**RECORDS FOR THE TASK**.
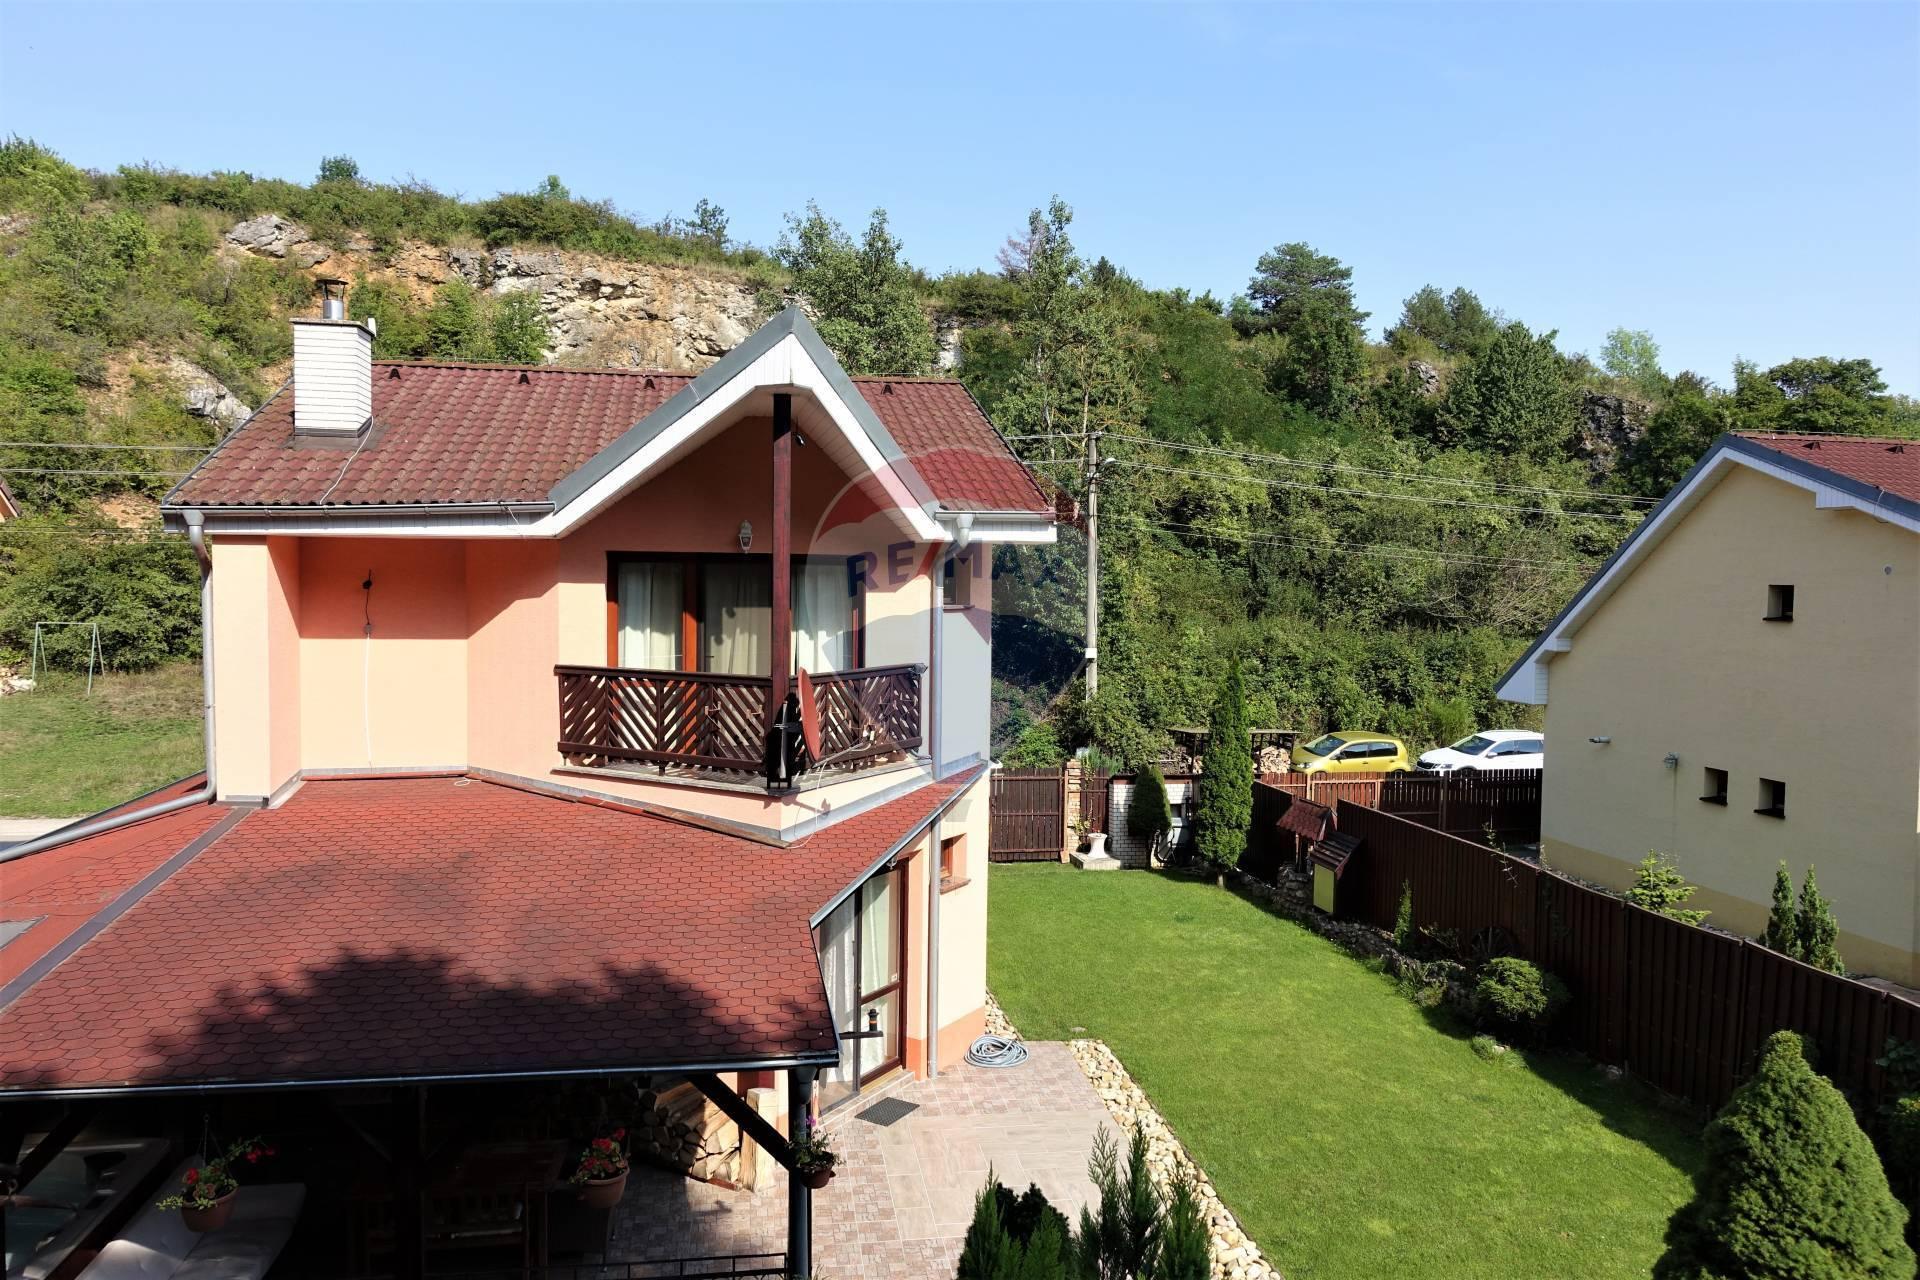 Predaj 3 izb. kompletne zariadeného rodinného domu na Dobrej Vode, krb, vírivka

...

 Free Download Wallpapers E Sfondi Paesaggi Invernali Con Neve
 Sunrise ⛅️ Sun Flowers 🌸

...

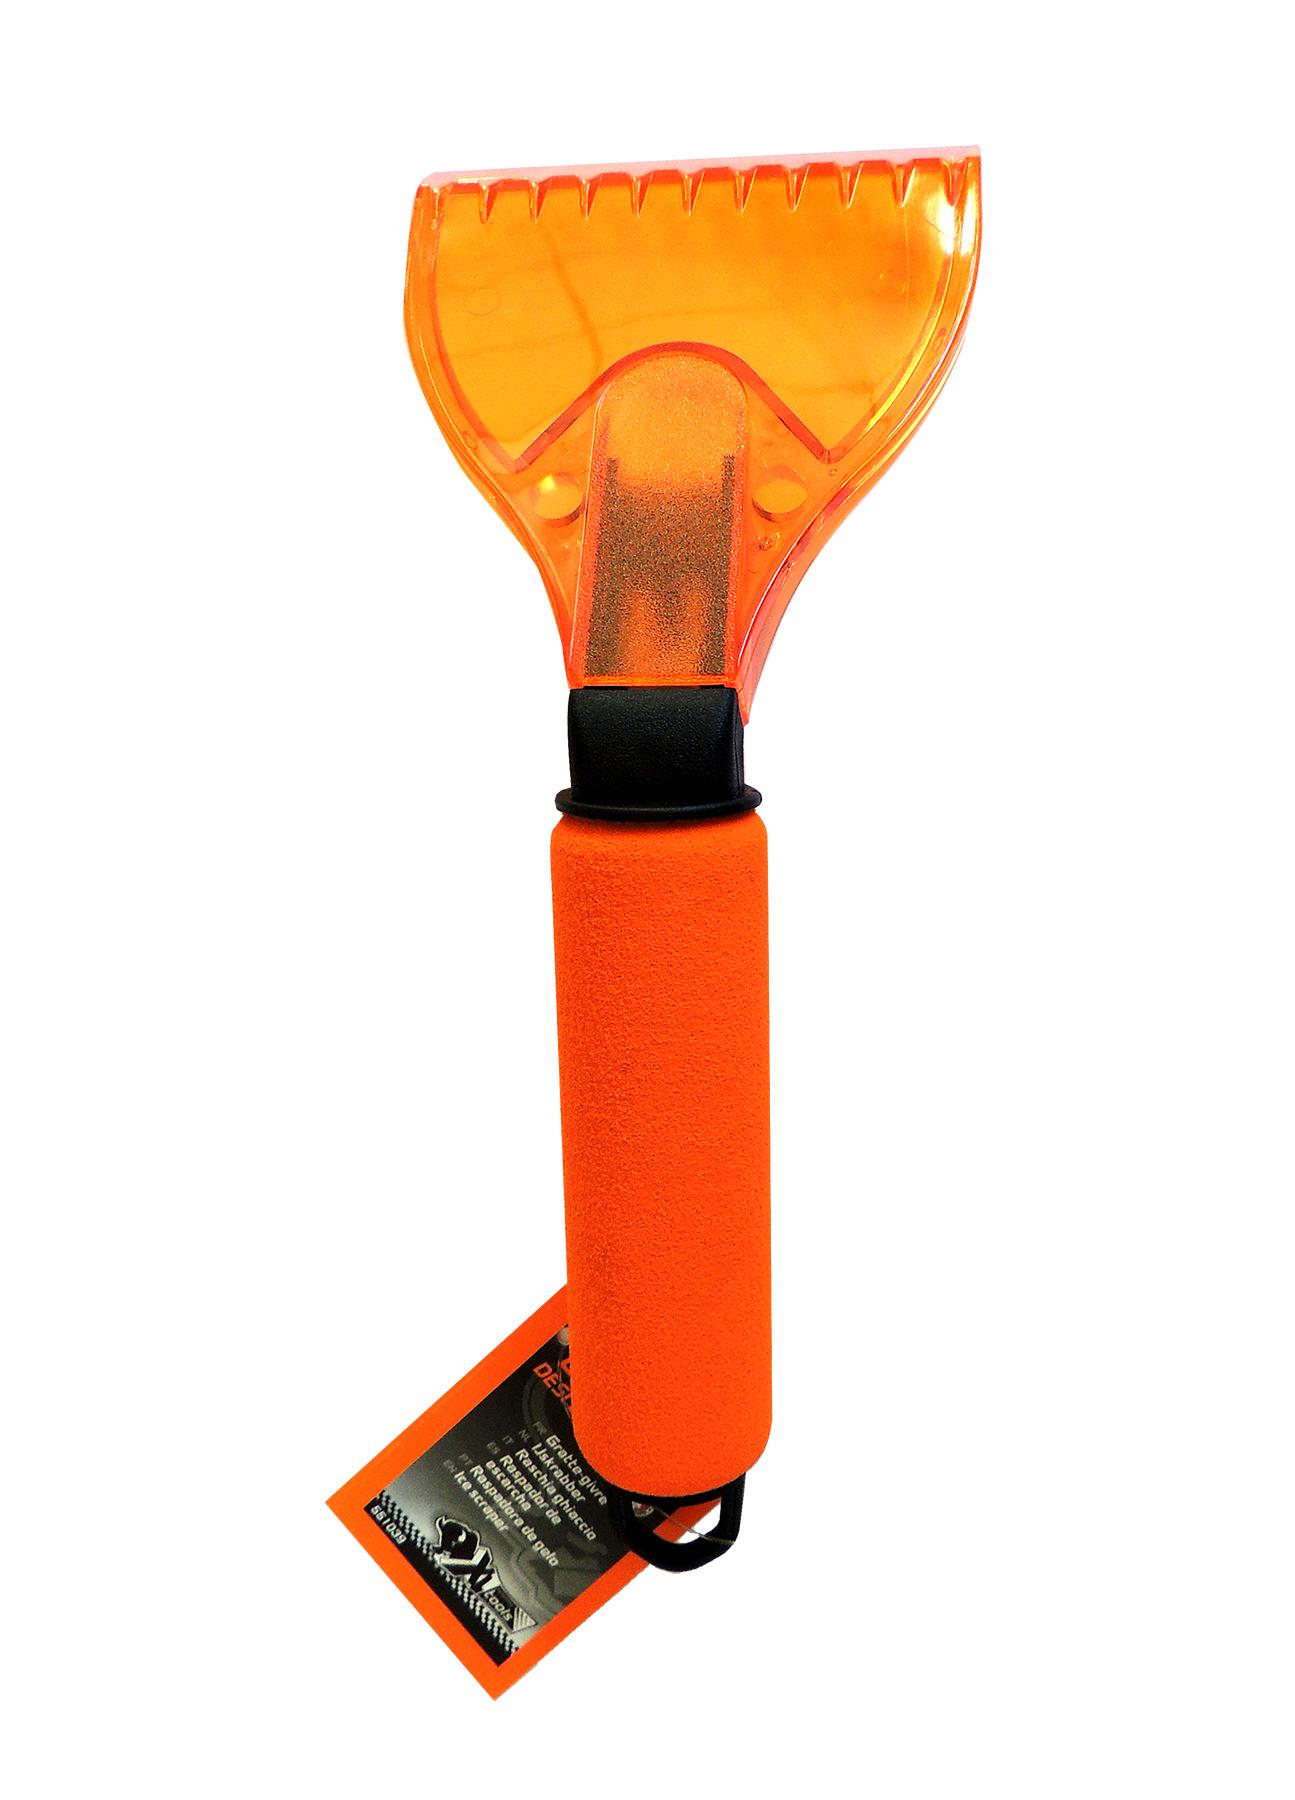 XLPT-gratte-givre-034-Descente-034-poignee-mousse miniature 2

**TASK INSTRUCTIONS**. Give back exactly the lines above, from the line containing "Free Download Wallpapers" through the line containing "Sunrise ⛅️ Sun Flowers 🌸", with both end lines and nothing more.

**COMPLETED TASK**.
 Free Download Wallpapers E Sfondi Paesaggi Invernali Con Neve
 Sunrise ⛅️ Sun Flowers 🌸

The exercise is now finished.